The quiet power of buying back time

“We often think of outsourcing as a luxury when in reality it’s a form of self-preservation. When people reclaim even a few hours a week by getting help at home, that time almost always goes back into rest, relationships or personal growth. It’s not about doing less – it’s about protecting your energy so you can show up fully in the parts of life that matter most,” adds Matthews. Outsourcing isn’t about avoiding responsibility. It’s about making deliberate choices. When you delegate certain tasks – whether that’s cleaning, meal prep or grocery shopping – you’re not paying for convenience. You’re reclaiming time to:
rest without guilt show up more present with your family invest in your health or simply breathe. Backing this up, a Harvard study found that outsourcing chores can boost happiness levels equivalent to a significant raise, by freeing up time for more fulfilling activities. Other research indicates that outsourcing housework improves family happiness and even increases the
likelihood of having additional children by easing time pressures.
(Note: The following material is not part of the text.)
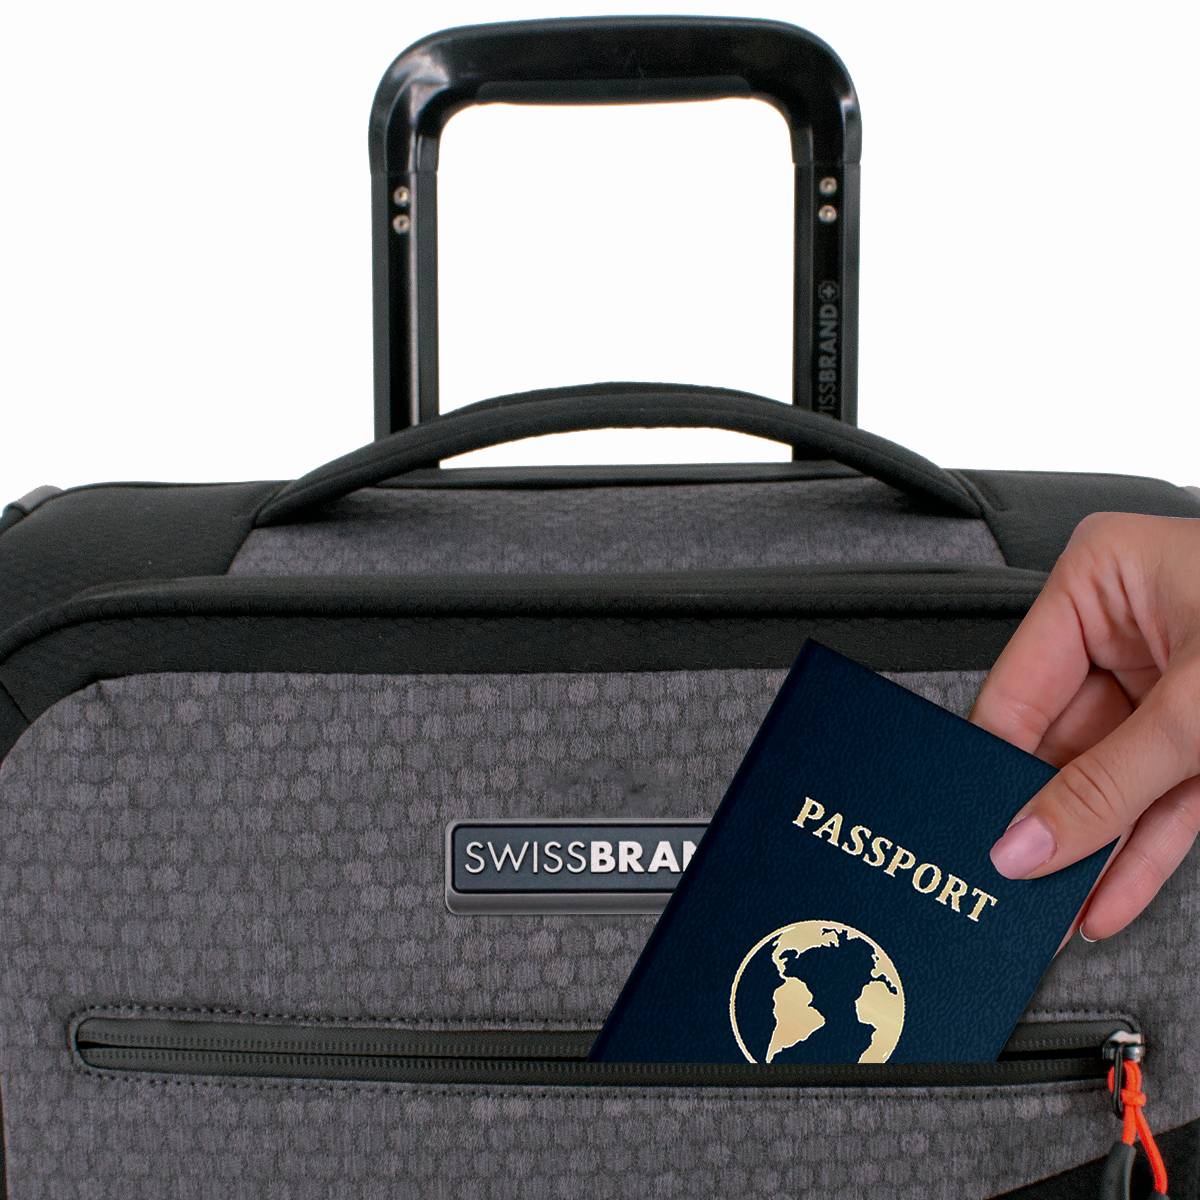 ✮מותג שוויצרי מקורי✮ מזוודה בינונית 24" בד סופר חזק ריפסטופ (בד מצנחים) קלה מבית המותג השוויצרי SwissBrand דגם HEXA

It serves as a key strategy for balancing family and work demands, allowing for career growth and better stress management.

“By handing off routine tasks, you’re investing in your mental resilience and long-term joy”, adds Matthews. Five hours a week doesn’t sound revolutionary until you realise what it could become over a year – weeks of regained life, redistributed towards the things that actually replenish you. Numerous studies underscore the benefits of this reclaimed personal time. For instance, regular rest and downtime are essential for mental health, improving concentration, memory, immune function and mood while reducing stress. Micro-breaks and vacations enhance well-being, vigour, and performance, with even short naps refreshing the brain and preventing long-term fatigue. Activities like spending time in nature or on hobbies provide transformative benefits for both mental and physical health and breaks throughout the day maintain performance, reduce
stress and improve attention. And, a US study has even shown that taking time off to achieve deep rest and restoration improves our chances for healthy longevity.
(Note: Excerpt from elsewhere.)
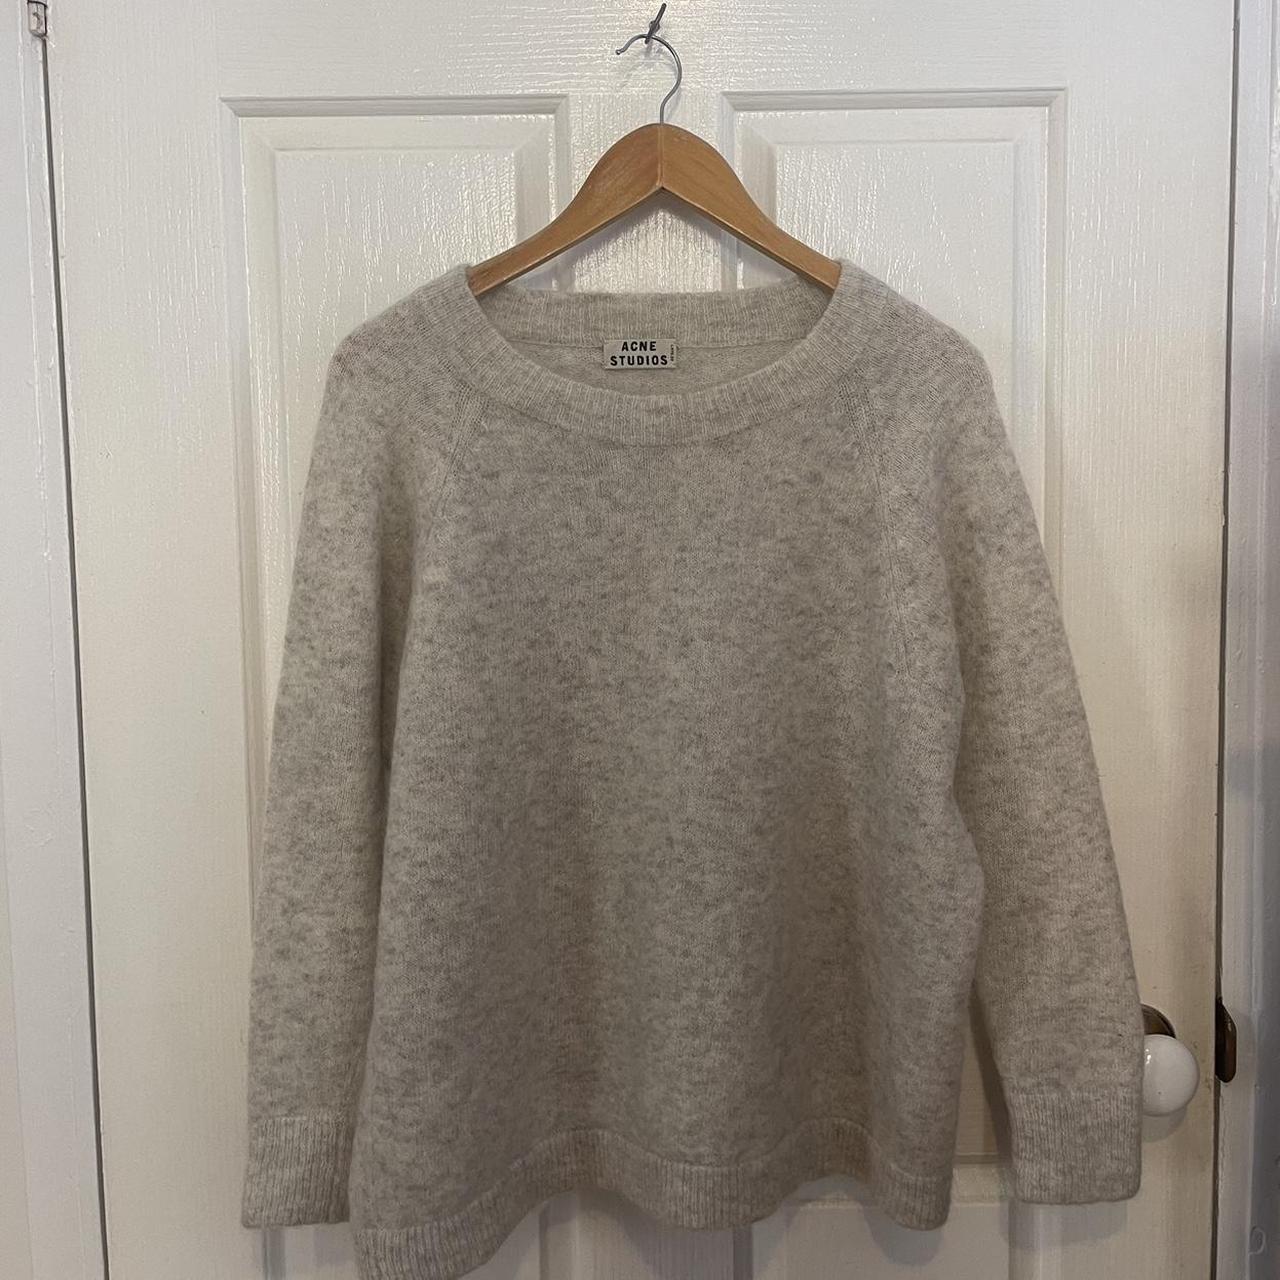 acne studios woolen sweater 🎀 rpr $560 - Depop

Redefining balance as energy management
Work-life balance has always been a flawed concept. Life doesn’t arrive in neat compartments and neither does fatigue. A more useful question is “Where is my energy being spent and is it aligned with what matters most to me”? When you protect your energy at home, you show up better at work. When you’re less depleted by daily logistics, you become more patient, more creative and more engaged in every area of your life. “True productivity comes from guarding your energy like a precious resource, and outsourcing is one of the smartest ways to do that”, notes Matthews.
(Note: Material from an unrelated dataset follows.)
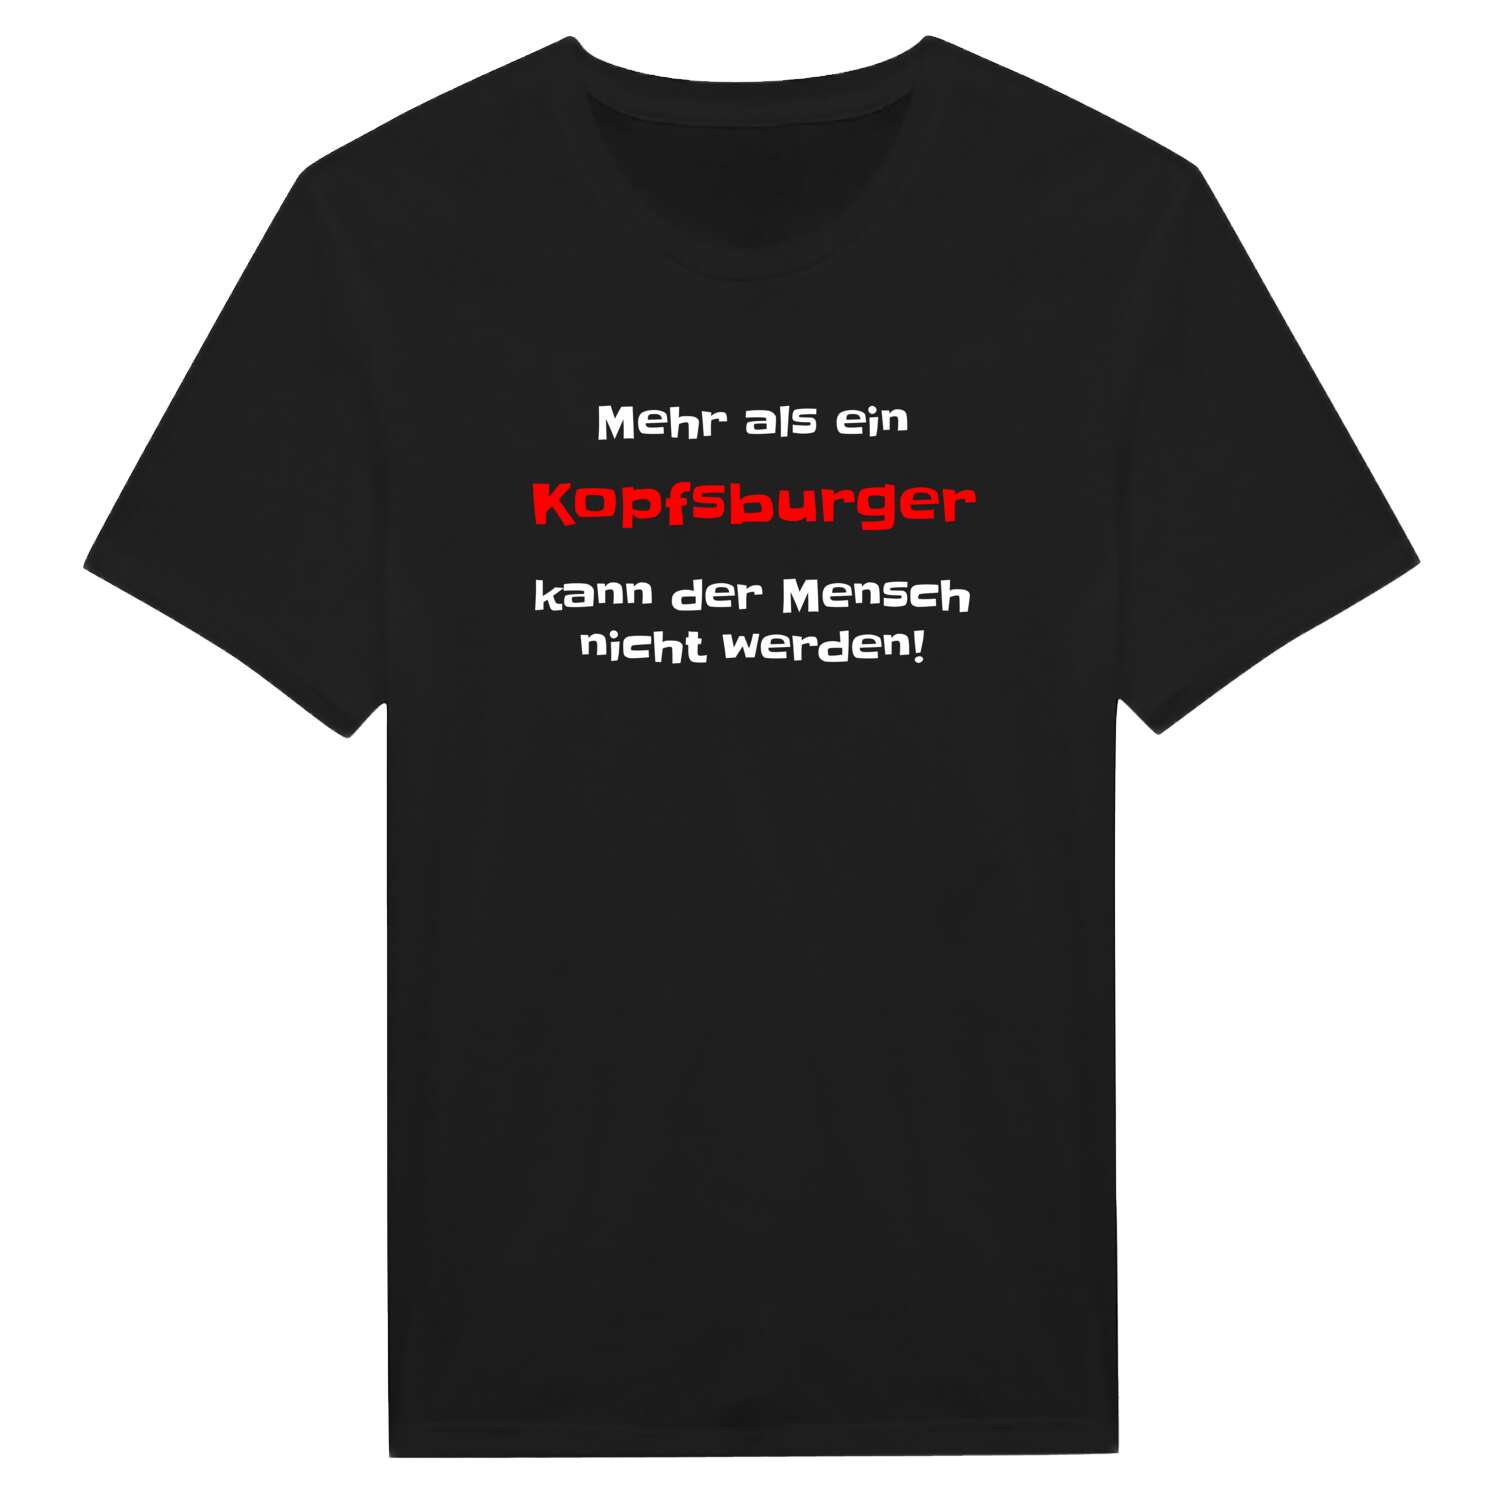 Kopfsburg T-Shirt »Mehr als ein«

The new measure of success
Perhaps the most radical idea of all is this: success isn’t how much you can carry. It’s how wisely you choose what to put down. In a culture that glorifies busyness, choosing ease can feel uncomfortable. But getting five hours of your life back isn’t about escaping responsibility – it’s about creating space for the people, moments and experiences that make responsibility worth
carrying in the first place.

And that might be the most productive decision you make all year.